Fig. 7 further illustrates a method at 130 for anonymously testing
and reporting drug efficacy or safety, in accordance with one embodiment of
the present invention. The method includes assembling test kits, at 132 and
distributing the test kits, at 134. The test kits may be distributed to providers
and/or to retail establishments, such as pharmacies, drug stores, grocery stores,
etc. In some embodiments, assembling the kits includes generating a
matched specimen identifier and result request identifiers for each kit. The
matched identifiers may be maintained in a database managed by the test
manager. In other embodiments, the specimen identifiers and result request
identifiers are generated after executing the user software program. Such
identifiers may be sent to the test manager.
Providers may, prior to prescribing a drug to a user, wish to
understand the effectiveness and safety of the drug on the particular user. Thus,
a provider may identify a user, at 136, and distribute the kit to the user, at 138.

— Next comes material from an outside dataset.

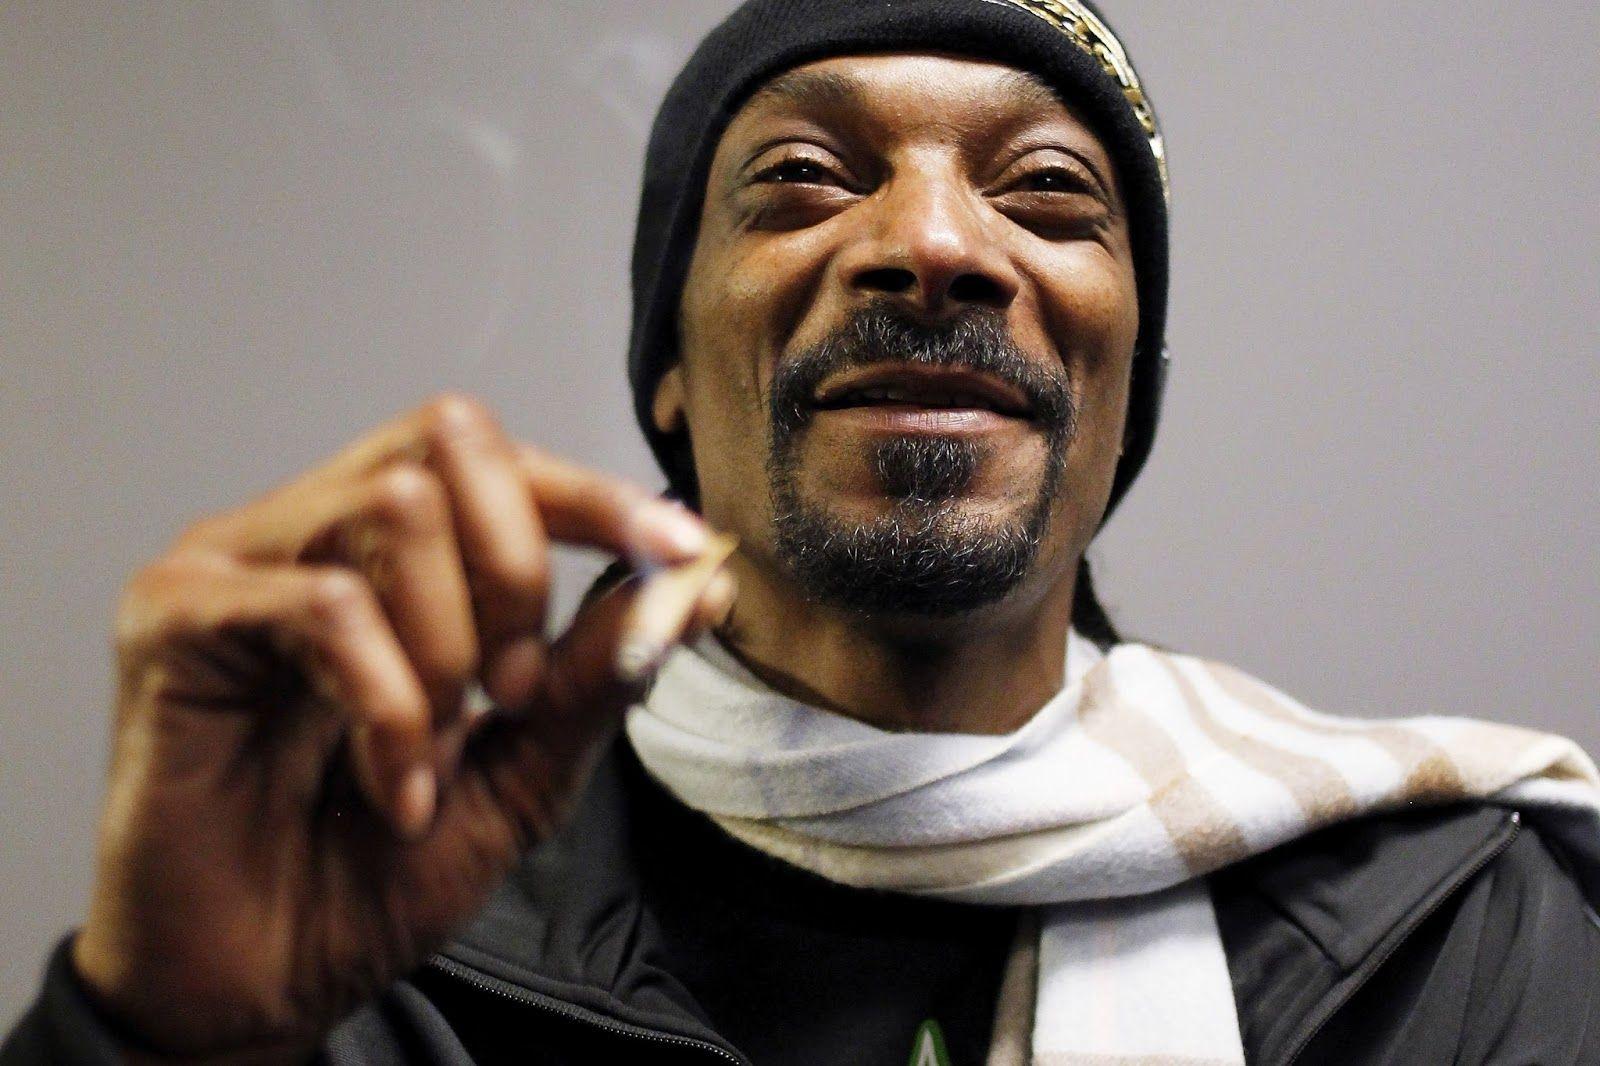 ACKCITY NEWS: Snoop Dogg (Snoop Lion)

In some embodiments, the kit may include a provider results request with a
provider results request identifier. The provider may forward the provider
results request with the provider results request identifier to the test manager, at
139.
As described above, the genetic testing kit may include user
software, which enables a user to anonymously request the test results. A user
who has access to a computer, at 140, may install the software containing a
coded user results request identifier, at 142. Although illustrated prior to the
user collecting the test specimen, the user may install or execute the software
before or after collecting and sending the sample to the test manager or testing
facility.
The user may be able to create a security code or personal
pin/key to limit access to the software, at 144. The security codes may be any
suitable personal code that may enable a user to ensure that the software has
not been previously loaded. The security codes further may enable the user to
access a personal electronic file created using the software from a different
computing device. Additionally, the security codes may allow multiple test
results to be compiled together.
In some embodiments, a questionnaire may be provided, as
shown at 146. For example, the software may include a personal questionnaire,
including lifestyle questions. The answers to such questionnaires may be
maintained in an anonymous database. User information or data, such as
responses to questionnaires, may be transferred to the test manager by the
personal software.
If a user opts to not execute the software, the user may send in a
user mail-in card with the results request identifier to the test manager, at 148.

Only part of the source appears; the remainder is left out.